Plongez dans le Brésil rural de 1917, où Donald Barnes, commerçant américain expatrié et visiblement peu chanceux, se retrouve embarqué dans une sombre légende locale. Le démon Mortisomem, fruit d’un crime ancestral, aurait ressuscité pour hanter les bois. Entre folklore effrayant et survie en terrain hostile, le jeu « promet » une aventure rétro d’horreur et de mystère… sur le papier. Car dans les faits, on est plus proche de la virée scolaire annulée faute de budget que de la perle indé à redécouvrir.

Dès les premières secondes, un constat s’impose : Mortisomem est moche. Pas moche dans le sens “hommage au rétro”, mais bien dans le sens “PS2 en fin de vie, avec les textures d’un jeu oublié dans un carton humide depuis 2004”. Les personnages ressemblent à des Playmobil ayant survécu à un incendie, et les animations donnent l’impression qu’un enfant a tenté de faire du stop-motion après trois verres de sirop.

Côté ambiance sonore, c’est le désert. Quelques bruitages génériques issus d’une base de données libre de droit et des musiques qui tournent en boucle comme une vieille boîte à musique fatiguée. L’ensemble manque cruellement d’âme, et ça devient rapidement plus soporifique qu’angoissant. On est censé être oppressé, mais on finit juste par soupirer en boucle.

La direction artistique tente de noyer le poisson dans le brouillard, littéralement. Le jeu use et abuse d’un filtre grisâtre pour masquer ses faiblesses visuelles. L’effet est supposé angoissant, mais on comprend surtout que c’est un cache-misère, histoire qu’on évite de voir à quel point les modèles 3D sont torchés avec les pieds. On dirait un Silent Hill sous Lexomil.

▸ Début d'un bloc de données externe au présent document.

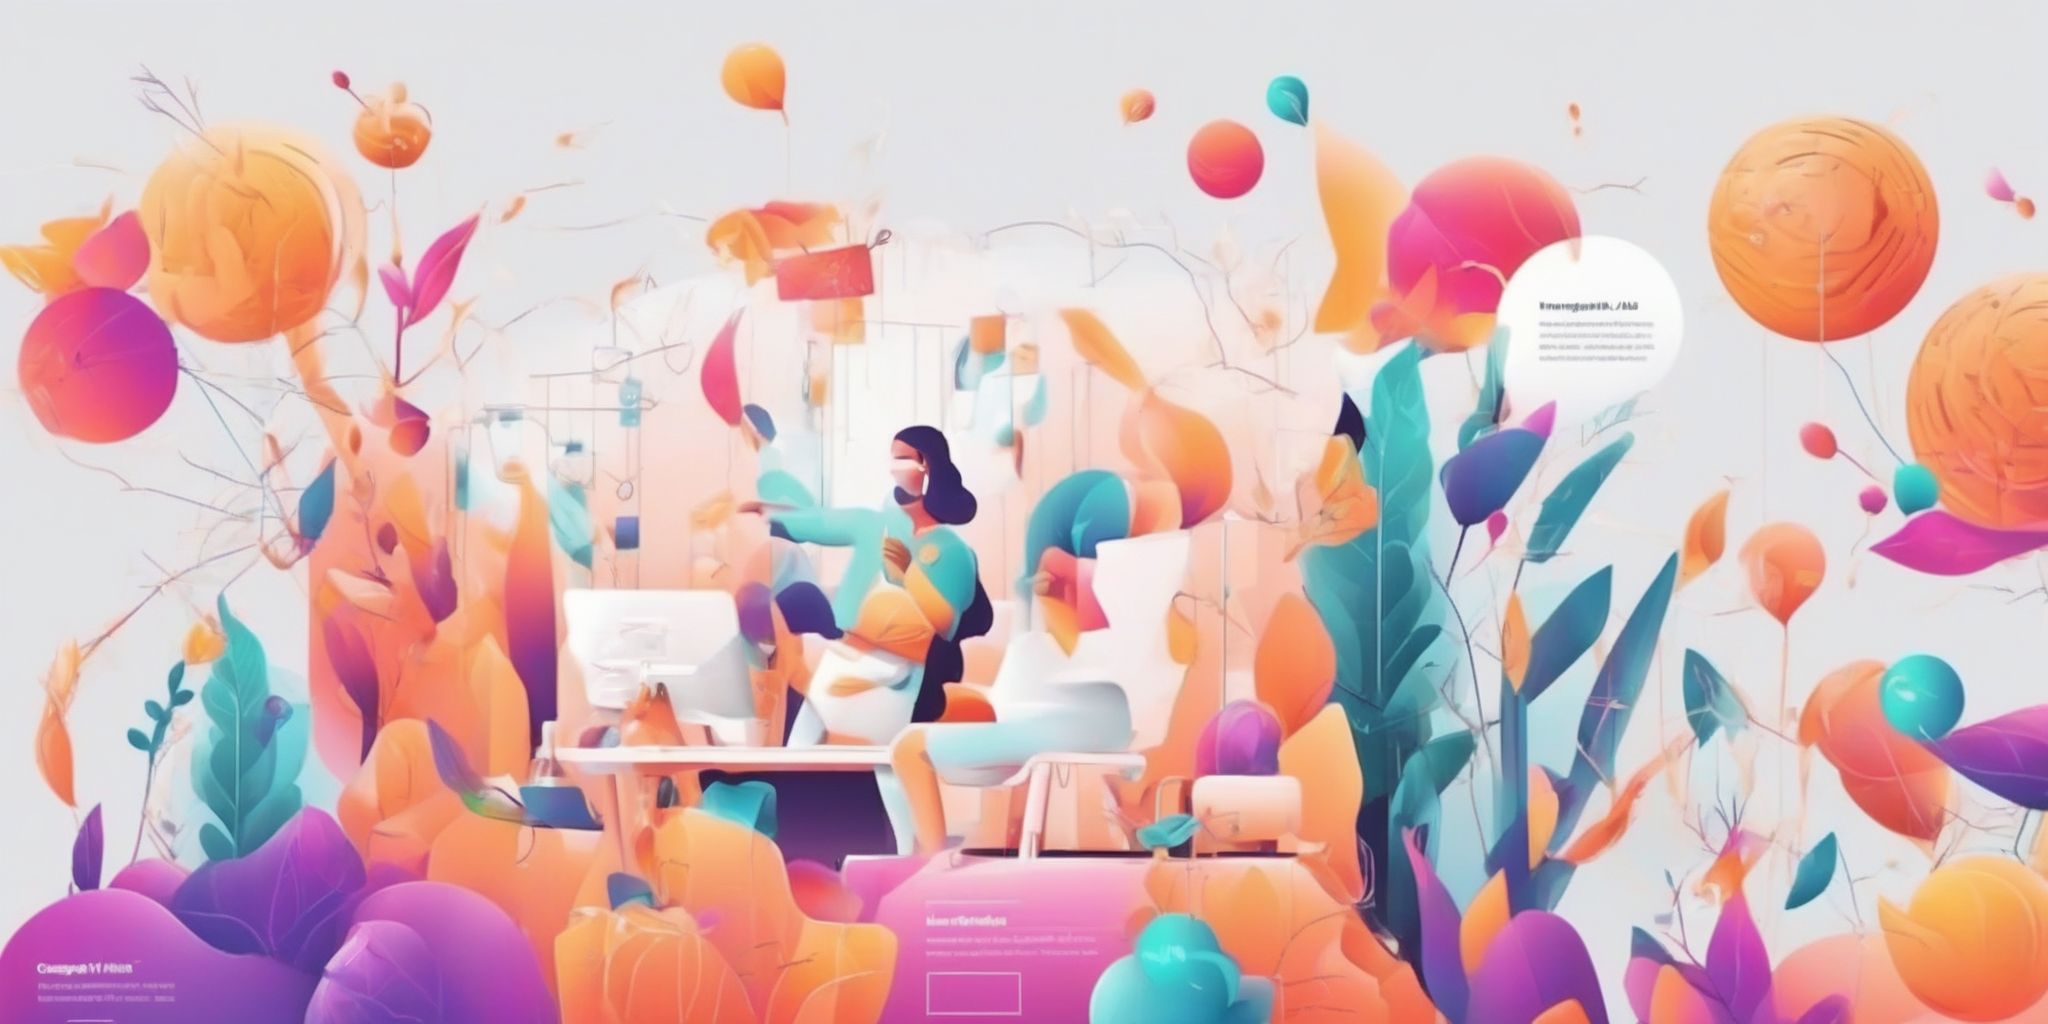 Ad campaigns in illustration style with gradients and white background

Le gameplay, lui, semble avoir été conçu lors d’un brainstorming entre des boutons de manette et une feuille blanche. Pour sortir son arme, il faut appuyer sur RB, puis tirer avec B. Pourquoi faire simple quand on peut faire n’importe quoi ? Les phases de fuite sont brouillonnes, les interactions approximatives, et le Mortisomem surgit au hasard pour vous mettre une claque sortie de nulle part, façon “jump scare du pauvre” qui vous renvoie illico à l’écran titre.

Ajoutez à cela une structure de jeu ultra-classique où l’on passe son temps à courir après des clefs dans une forêt clonée à l’infini, sans jamais vraiment savoir où l’on va. Une carte dessinée par un enfant de 3 ans, pas d’indices, juste un grand labyrinthe marron et vert dans lequel Donald semble autant perdu que le joueur.
Enfin, avec une durée de vie d’environ une heure, on se dit que c’est un mal pour un bien. Car une minute de plus aurait été une punition. Ce jeu ne donne aucune envie d’être exploré, ni rejoué, ni même évoqué lors d’une conversation. Si Mortisomem vous murmure quelque chose, c’est sûrement : “fuyez, pauvres fous”.

Au final, Mortisomem, c’est un hommage au rétro qui s’égare dans les bois et ne retrouve jamais son chemin. Techniquement faiblard, artistiquement creux, et ludiquement frustrant, il faut une sacrée dose de nostalgie et de tolérance pour ne pas pouffer devant ses animations et son absence totale de finition. Bref : un mauvais jeu.